# iAnthus Capital Holdings Inc



## can_84 (Jul 2, 2011)

I was wondering if anyone in our community here looked at "iAnthus Capital Holdings Inc"? If yes what is your take on this company? Would you buy ?


----------



## 30seconds (Jan 11, 2014)

I can not give advice but it has not peaked my personal interest. 

This might help though: https://ir.ianthuscapital.com/financial-reports


----------



## can_84 (Jul 2, 2011)

Would you consider medmen instead?


----------



## james4beach (Nov 15, 2012)

I see, it's another marijuana stock. The one you're asking about (ITHUF) is listed OTC or the "pink sheets". These are small companies that can't, for whatever reason, meet listing requirements to trade on the regular stock exchanges.

Generally I avoid these kinds of stocks. There tends to be more uncertainty about them, and they're riskier. See this article:
https://www.investopedia.com/articles/investing/070313/use-caution-trading-pink-sheet-stocks.asp

If you're interested in the marijuana sector, then you might want to look at the HMMJ exchange traded fund (ETF) which trades in Canada.

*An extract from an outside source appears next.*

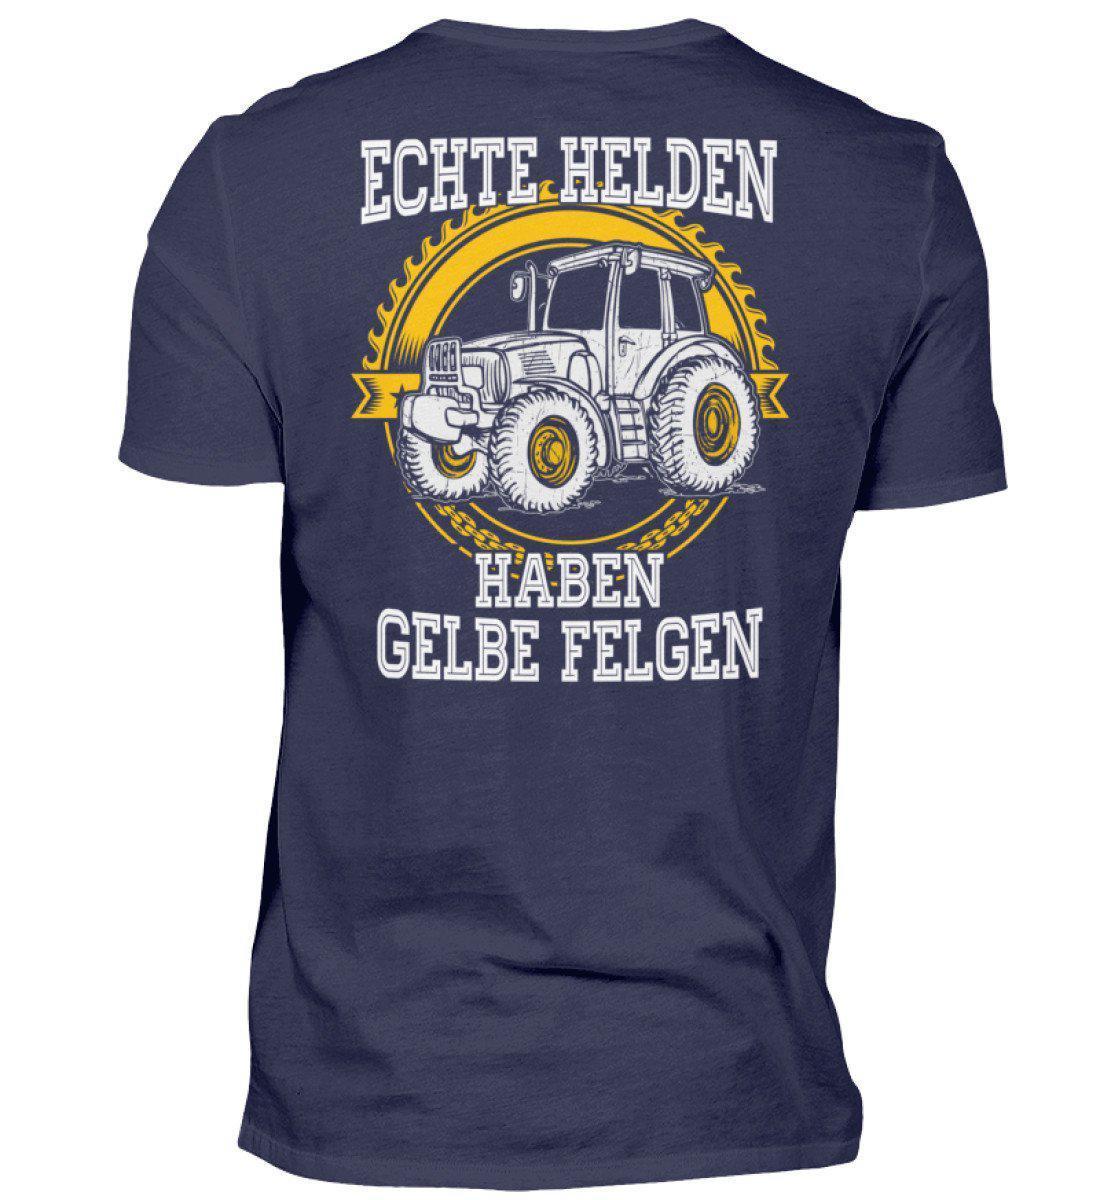 Echte Helden gelbe Felgen · Herren T-Shirt-Herren Basic T-Shirt-Navy-S-Agrarstarz
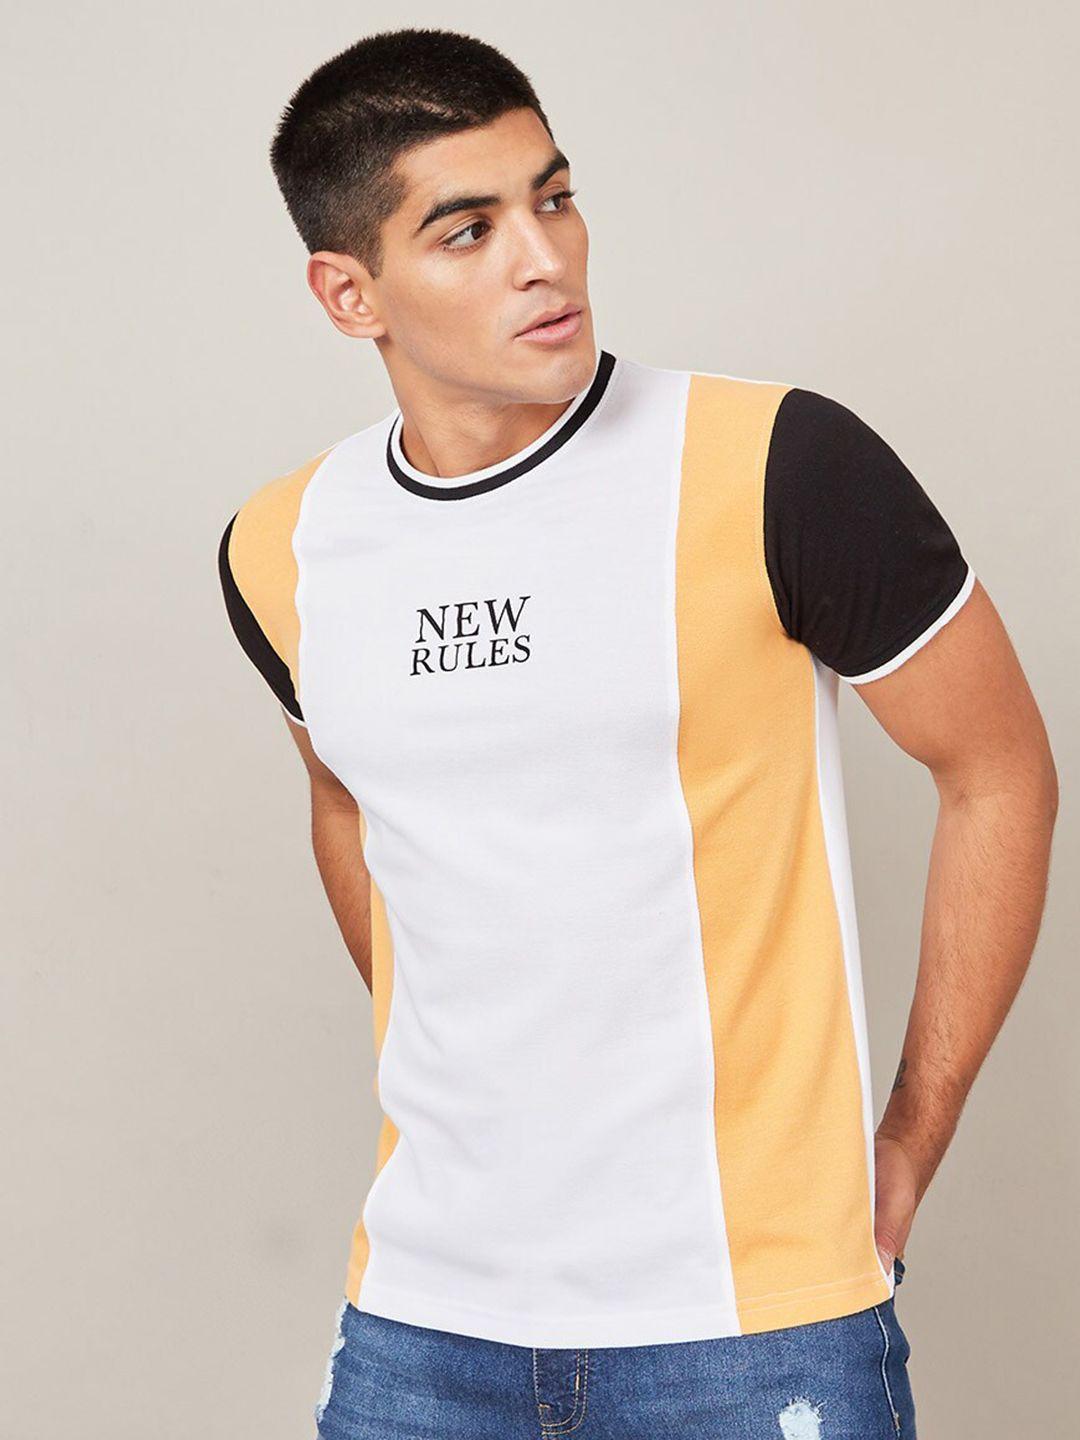 styli white & yellow colourblocked round neck cotton t-shirt

This is listed on the major stock exchange and holds several stocks in its portfolio, so it will offer more diversification. Buying a fund that contains several well-established stocks is probably a safer way to go than buying one or two random, tiny pot stocks.

NOTE: Many of us around here consider marijuana stocks to be somewhat of a stock bubble. There is a lot of popular enthusiasm about them, and they've had huge gains recently. There is potential for the sector as a whole, but recognize that these are extremely speculative investments and you could potentially lose a lot of money. I suggest not investing more money than you can afford to lose. You might want to treat it more like a "lottery ticket" than an investment.


----------



## can_84 (Jul 2, 2011)

Thank you James.

I agree with you about the speculation aspect of the sector. I did hold HMMJ but recent sold it as I believe like you said its a bubble. I am trying to find marijuana companies in the U.S before it is legalized federally in the future, if you have any suggestions for U.S based companies or even an index that follows only the U.S listed companies I would be very interested.


Thank you


----------